A further understanding of the various embodiments of the present invention may be realized by reference to the figures which are described in remaining portions of the specification. In the figures, like reference numerals are used throughout several figures to refer to similar components.
Embodiments of the present invention are related to a low density parity check decoder with relative indexing of non-zero circulants. In some embodiments, the low density parity check decoder is a min-sum based decoder which performs check node processing by determining the minimum or lowest scaled variable node to check node (V2C) message (min1), the next minimum called variable node to check node message (min2), and the index idx of min1. Rather than using the column index of the H-matrix for the index of min1, the index idx is relative only to non-zero circulants, referring only to non-zero circulants, and disregards the zero-circulants in each row of the H-matrix. By indexing only non-zero circulants, the index values can be stored with fewer bits, reducing the number of flip-flops or other storage devices in the decoder, which reduces the size of the decoder and the power consumption.
The instruction set used by the decoder to read instructions cycle by cycle to carry out the decoding is also adapted to support indexing of non-zero circulants. This, in turn, simplifies retry features such as, but not limited to, targeted symbol flipping, because it is not necessary to exhaustively read the entire instruction set and compare content to identify targeted symbol flipping candidates. By indexing only non-zero circulants, a targeted symbol flipping operation can retrieve information about candidate symbols in a single step. Latency and power consumption in retry mode are thus reduced.
In some embodiments, non-zero circulants in a row or layer are grouped, further reducing the stored bits in the instruction set. For example, with Rw non-zero circulants in a layer, organized in N groups, the non-zero circulants in each of the N groups are indexed separately. In the instruction set, the relative index uses ceil (log 2(Rw/N)) bits instead of log 2(Rw) bits. After the grouped index is read, the group index is appended to obtain the full relative index.

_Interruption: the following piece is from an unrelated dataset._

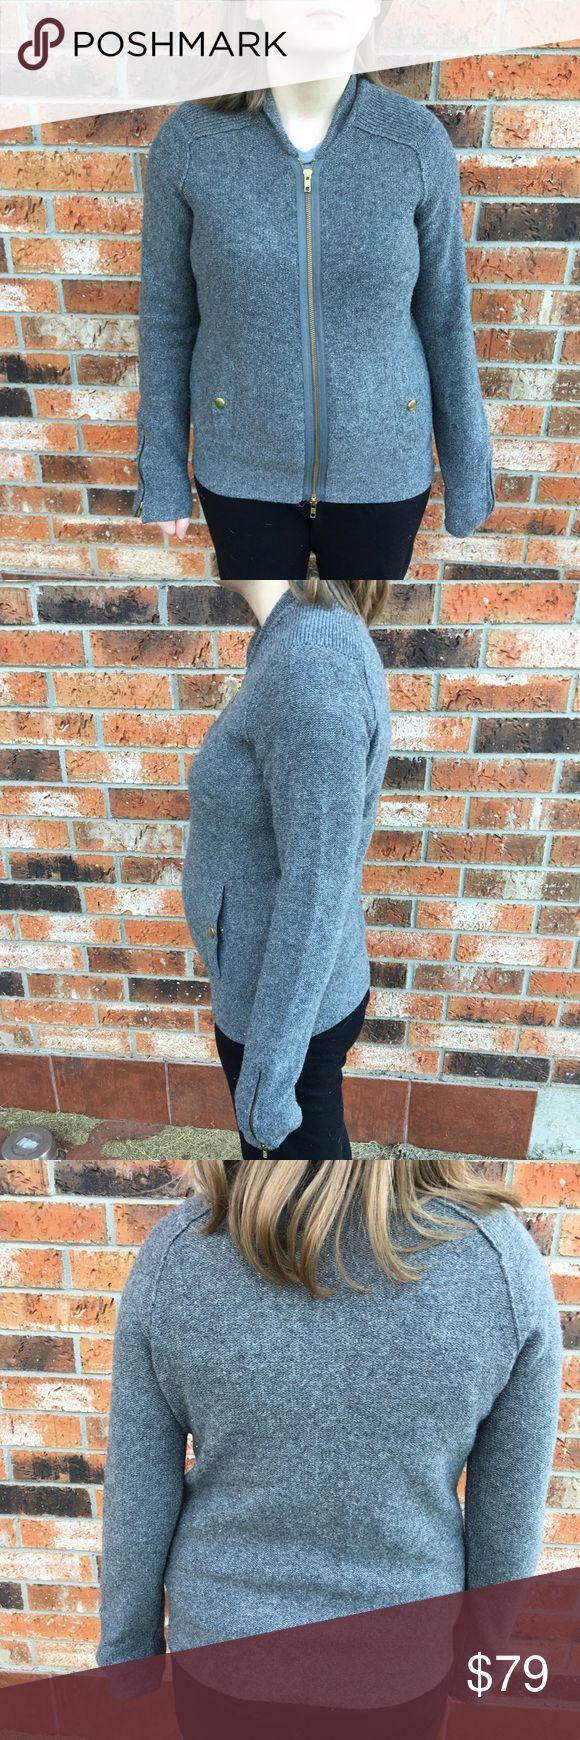 "J. Crew gilded sweater jacket Women's Small J. Crew gilded sweater jacket Women's Small 19"" arm pit to arm pit. 22"" length. 95% merino wool 5 % metallic. Great Condition. J. Crew Tops Sweatshirts & Hoodies"

Low density parity check technology is applicable to transmission of information over virtually any channel or storage of information on virtually any media. Transmission applications include, but are not limited to, optical fiber, radio frequency channels, wired or wireless local area networks, digital subscriber line technologies, wireless cellular, Ethernet over any medium such as copper or optical fiber, cable channels such as cable television, and Earth-satellite communications. Storage applications include, but are not limited to, hard disk drives, compact disks, digital video disks, magnetic tapes and memory devices such as DRAM, NAND flash, NOR flash, other non-volatile memories and solid state drives.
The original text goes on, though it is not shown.